• What the task asks: Return only the lines below starting at the line containing "Dark Grey Satin Tie-front Cigarette Pant" and ending at the line containing "Butterfly beautiful Wallpaper", both included, exactly as they are and with no pictures.

• Material for this exercise:

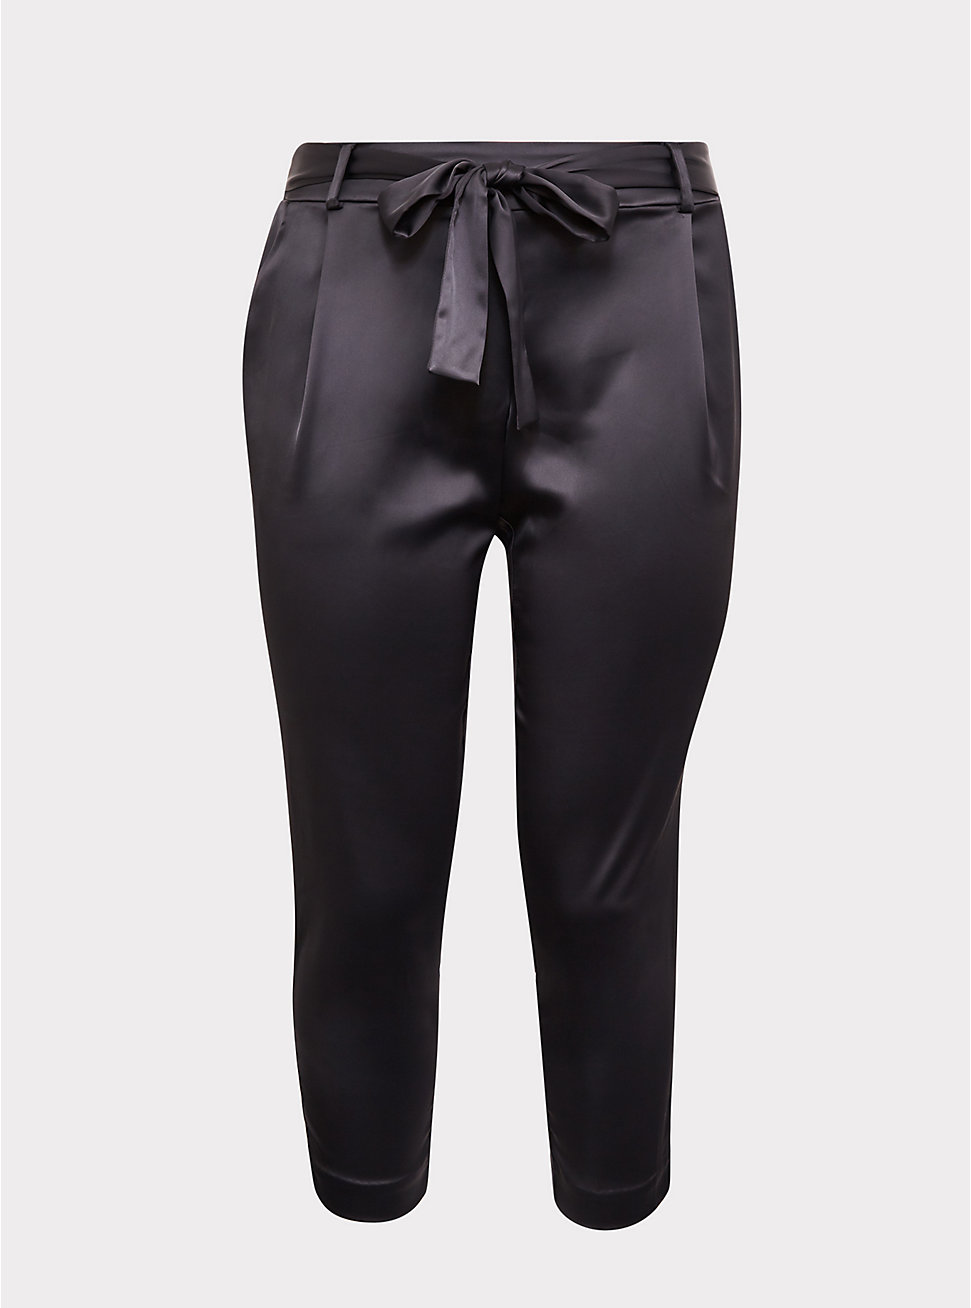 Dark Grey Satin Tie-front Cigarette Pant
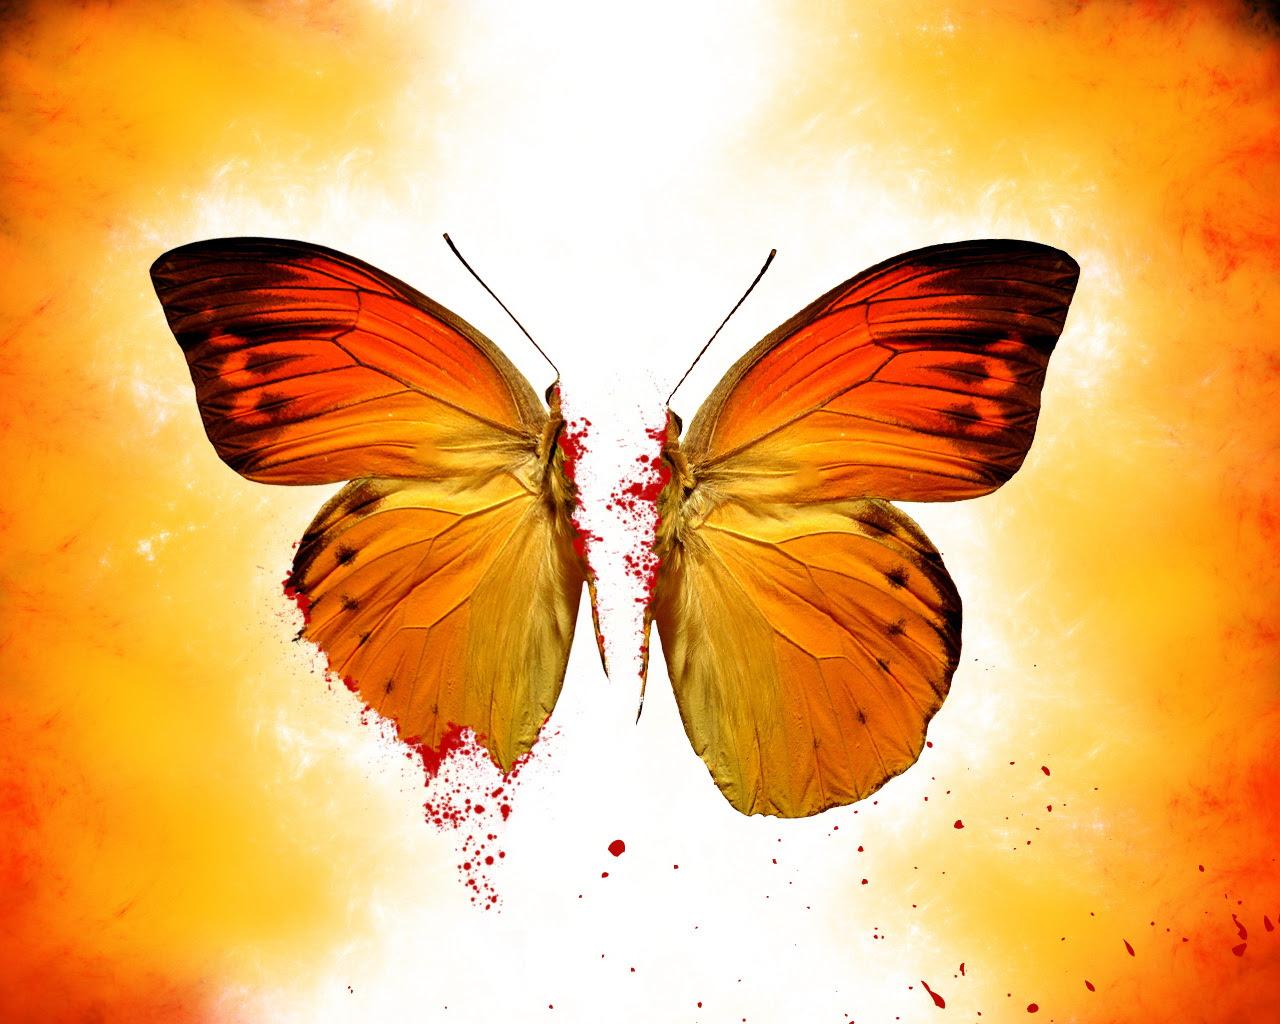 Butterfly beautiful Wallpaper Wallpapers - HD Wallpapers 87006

...

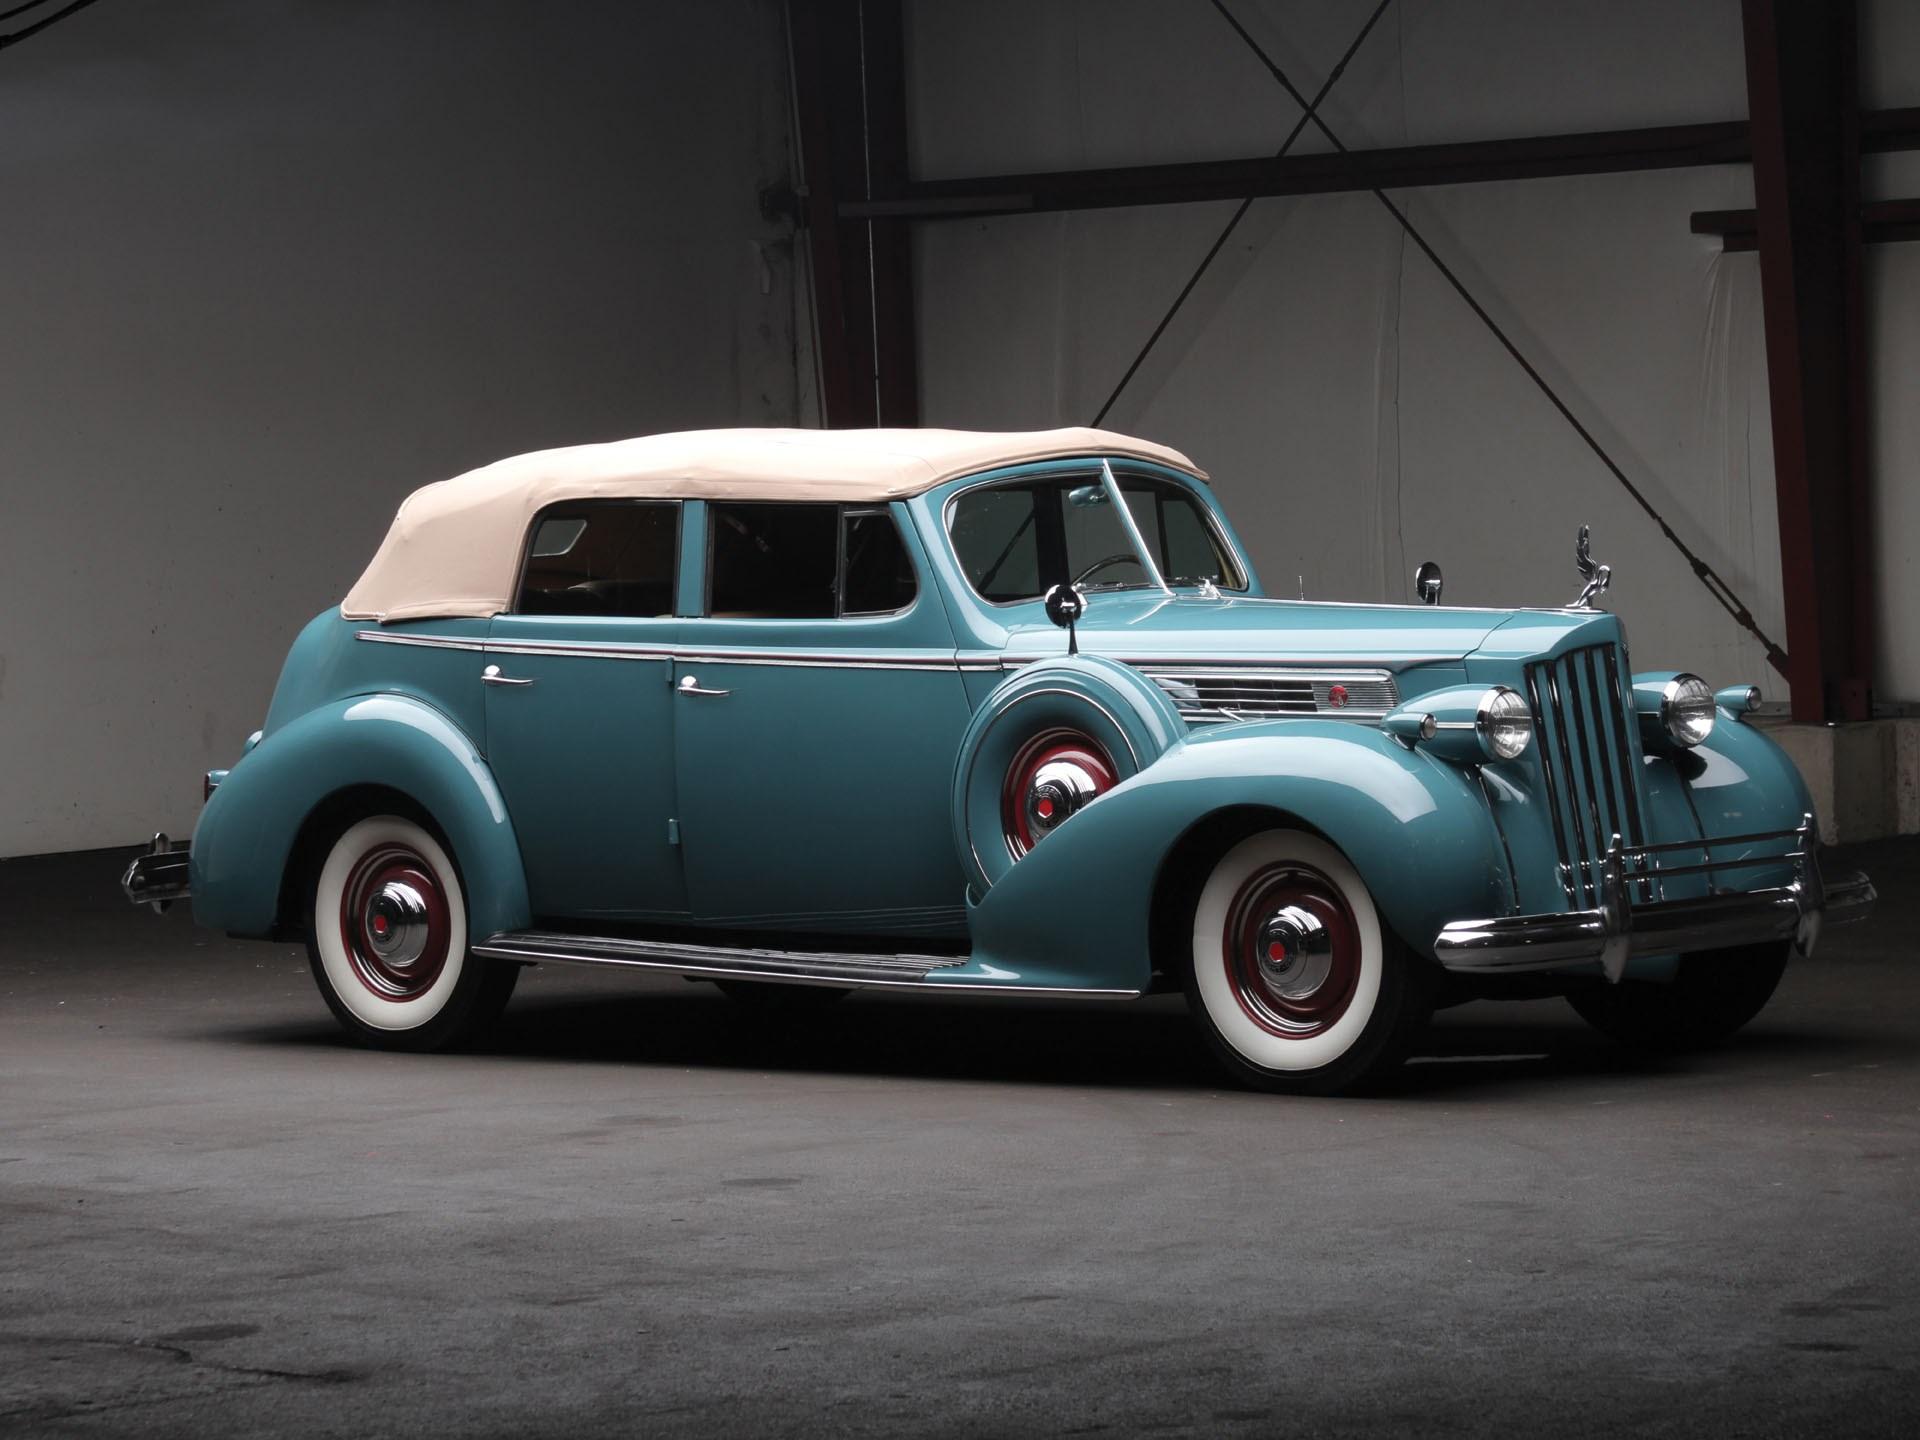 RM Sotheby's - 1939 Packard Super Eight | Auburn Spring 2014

• Task result:
 Dark Grey Satin Tie-front Cigarette Pant
 Butterfly beautiful Wallpaper Wallpapers - HD Wallpapers 87006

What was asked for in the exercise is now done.